The interior is adorned with a fireplace at the T's crossing point. The cross of the T is an open-air, covered porch. The porch not only incorporates the open terrace common to other Wright designed buildings of the era but also has an explicit functionality. Wright meant for the porch to be used by those attending funerals while they waited for cars. The placement of the columns on the porch, pulled back from the open corners is found on other Wright buildings such as the Coonley House and the Martin House. The column placement and Wright's drawings may have influenced European architects after 1910 such as Le Corbusier. The balloon framed building's basement contains restrooms, storage and a furnace room.

The design of the building is such that depending upon how it is viewed it can alternate between symmetrical and asymmetrical. Those angles from which it appears symmetrical express a solemn formality. The low-pitched hipped roof presents the skyline as quiet and unbroken, a feature typical of some of Wright's important early Prairie buildings such as the Heurtley House, and the Winslow House. It embodies the very essence of Frank Lloyd Wright's Prairie style buildings: the roof and its overhanging eaves, the abstract geometric art glass windows, the raised functional floor and the "plastic expression" of the stucco exterior and its contrasting wood trim.

Significance

Pettit Chapel is the only structure Frank Lloyd Wright designed for a cemetery setting.

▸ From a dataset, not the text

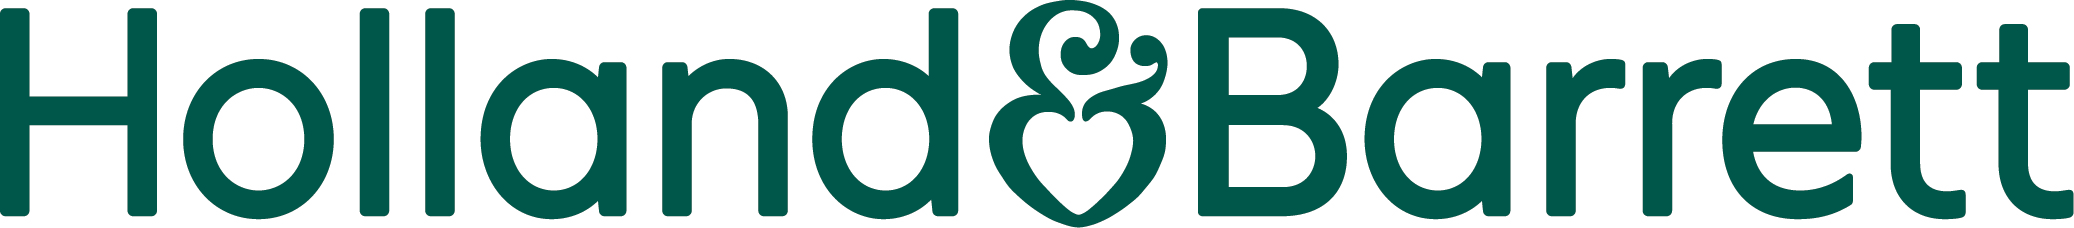 Holland & Barrett Logo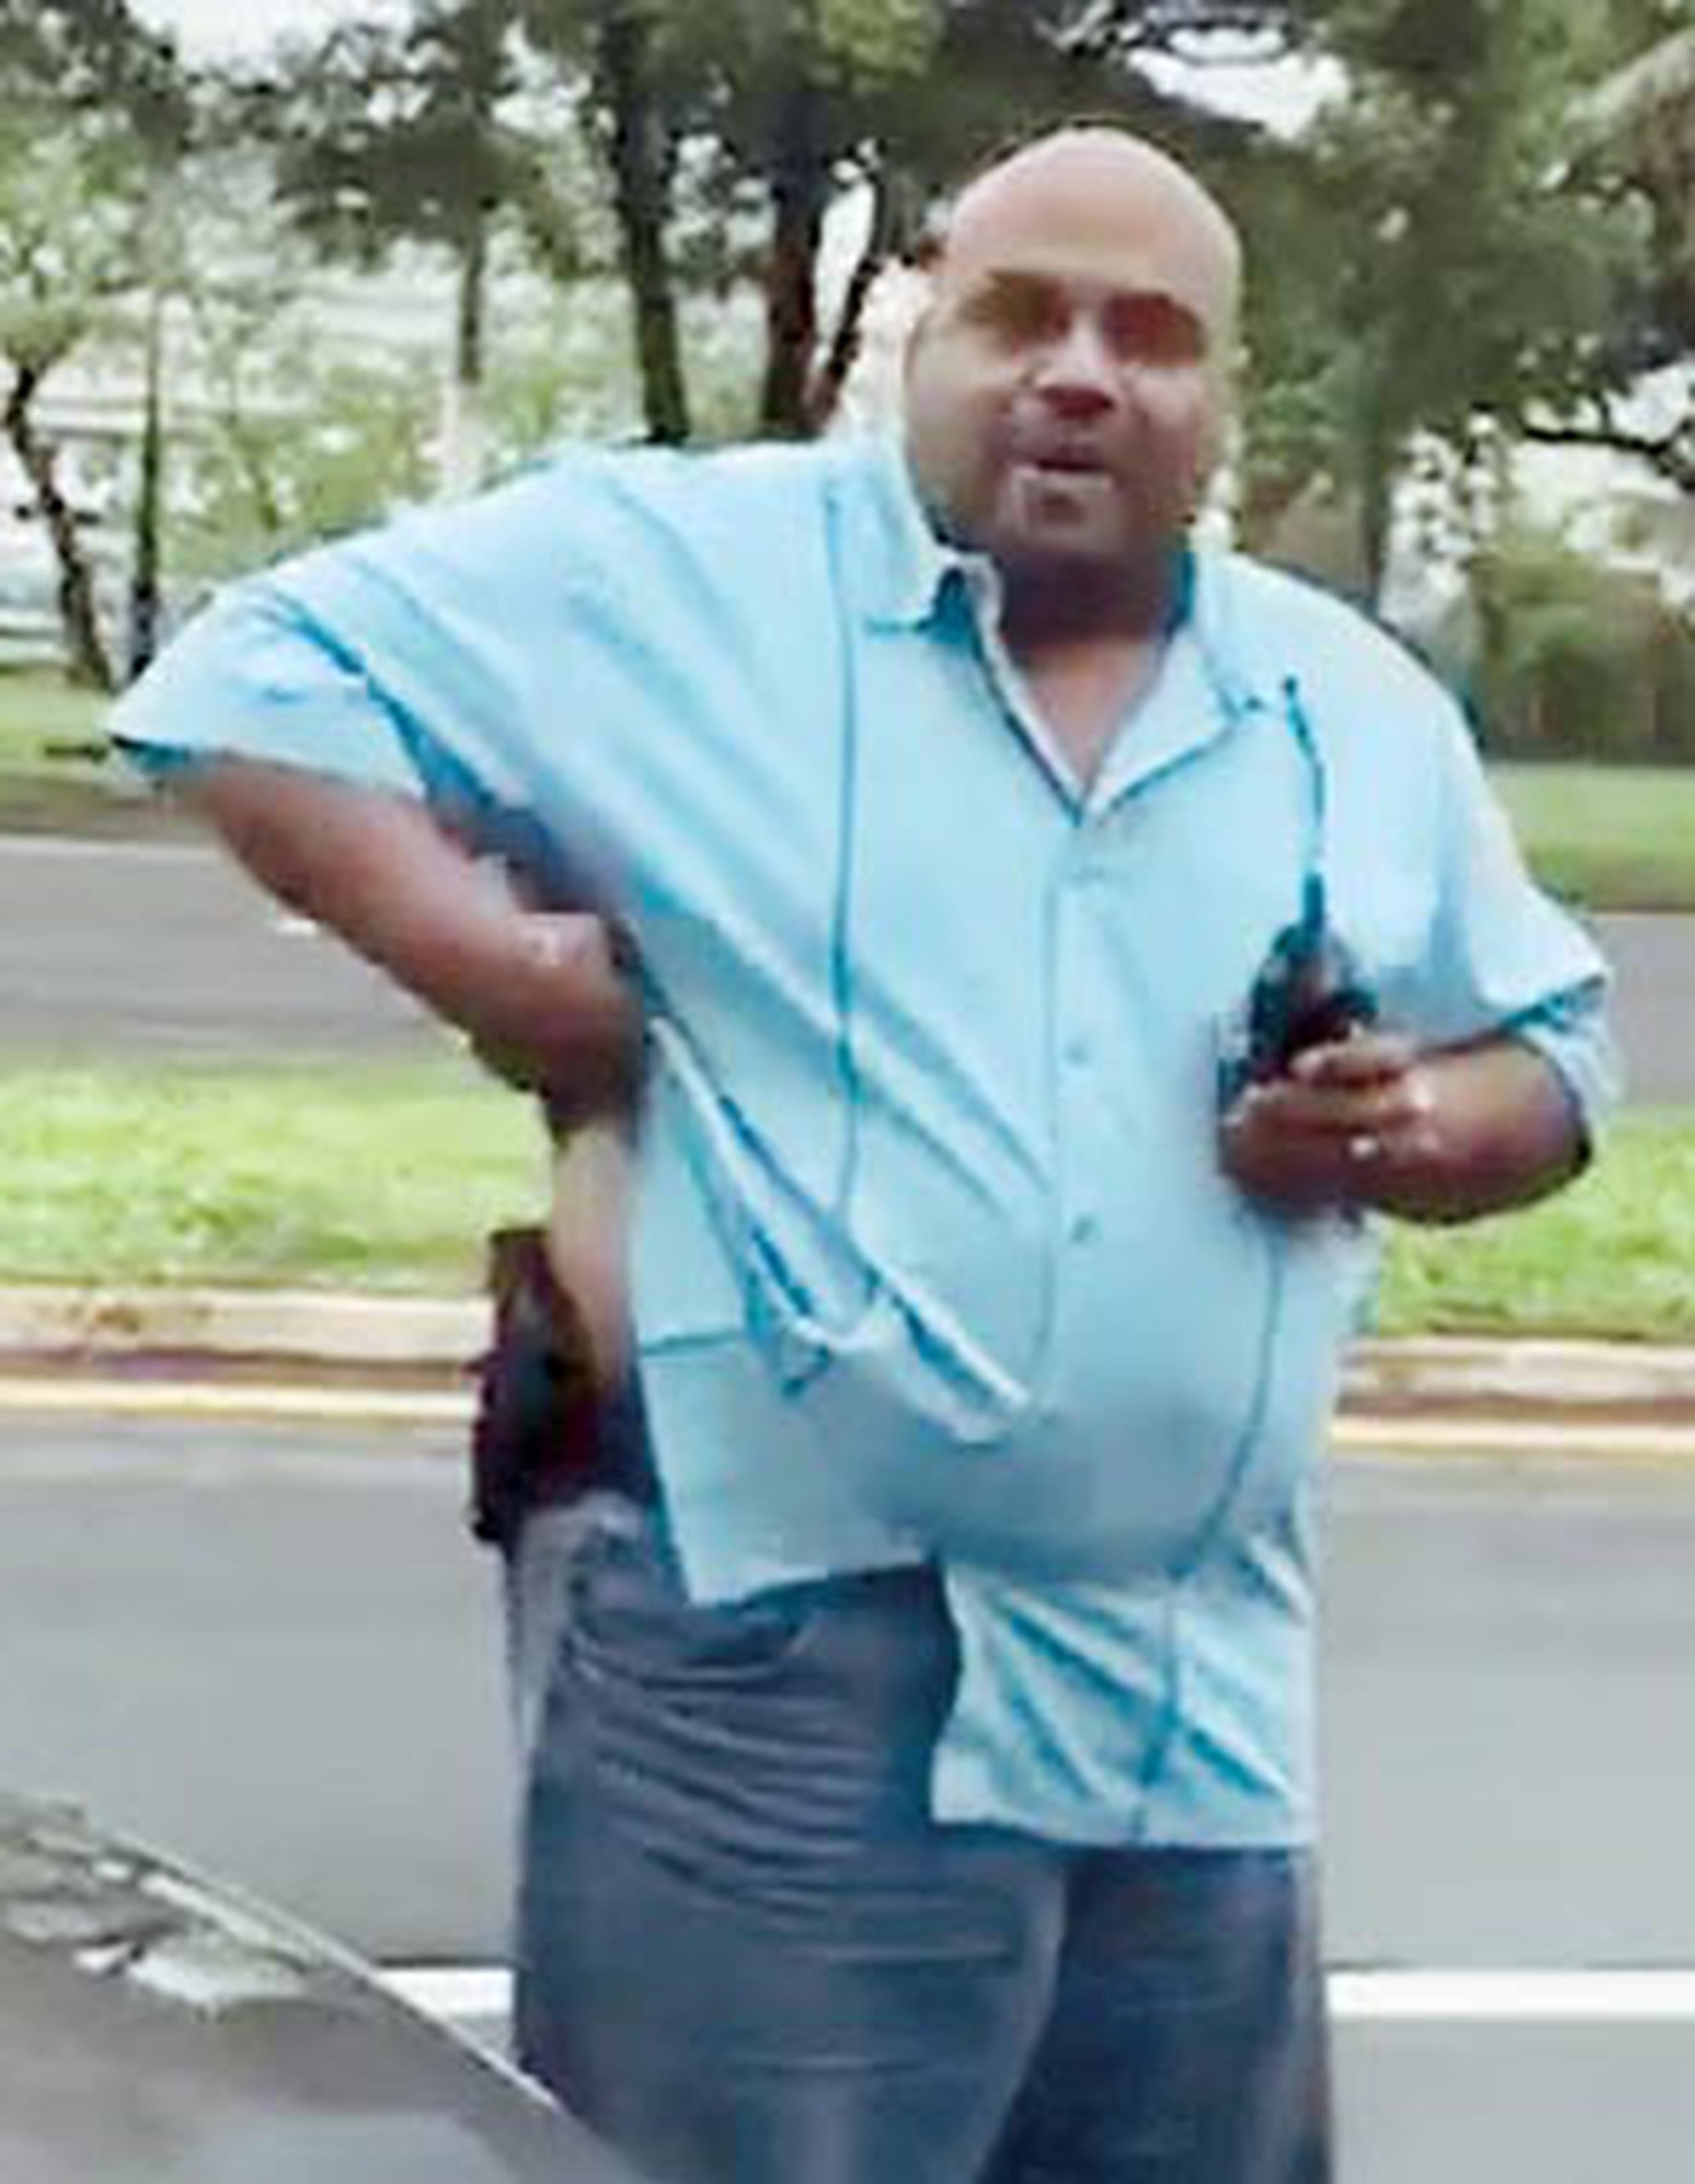 El policía retirado, José Perelló, en la foto con un arma en la cintura, dijo que es injusto que un pasajero solicite un servicio y sea amenazado. (Captura/Facebook)

Pettit Memorial Chapel was added to the U.S. National Register of Historic Places on December 1, 1978. Its nomination form for that listing stated its significance for inclusion as architecture. As the only example of Frank Lloyd Wright's work intended for a cemetery setting it is the only one of his works which can be directly compared with some of Louis Sullivan's acclaimed early modern work meant for a cemetery setting. The Getty Tomb, designed while Wright was a draftsman in Sullivan's office, and the Ryerson and Wainwright Tombs were all designed by Sullivan for a cemetery setting. The Getty Tomb was Sullivan's earliest move toward modern architecture while the Ryerson and Wainwright Tombs brought him further acclaim. Each of the buildings expresses the architect's concept of pure design, Wright's makes the building serve a purpose, while Sullivan's relates directly to the large scale of his commercial works.

The chapel is an example of Wright's Prairie period and was used for funerals until the 1920s when the rise of funeral parlors overtook funerals in churches and chapels. The cemetery was chartered in 1837 and contains 13,000 known graves.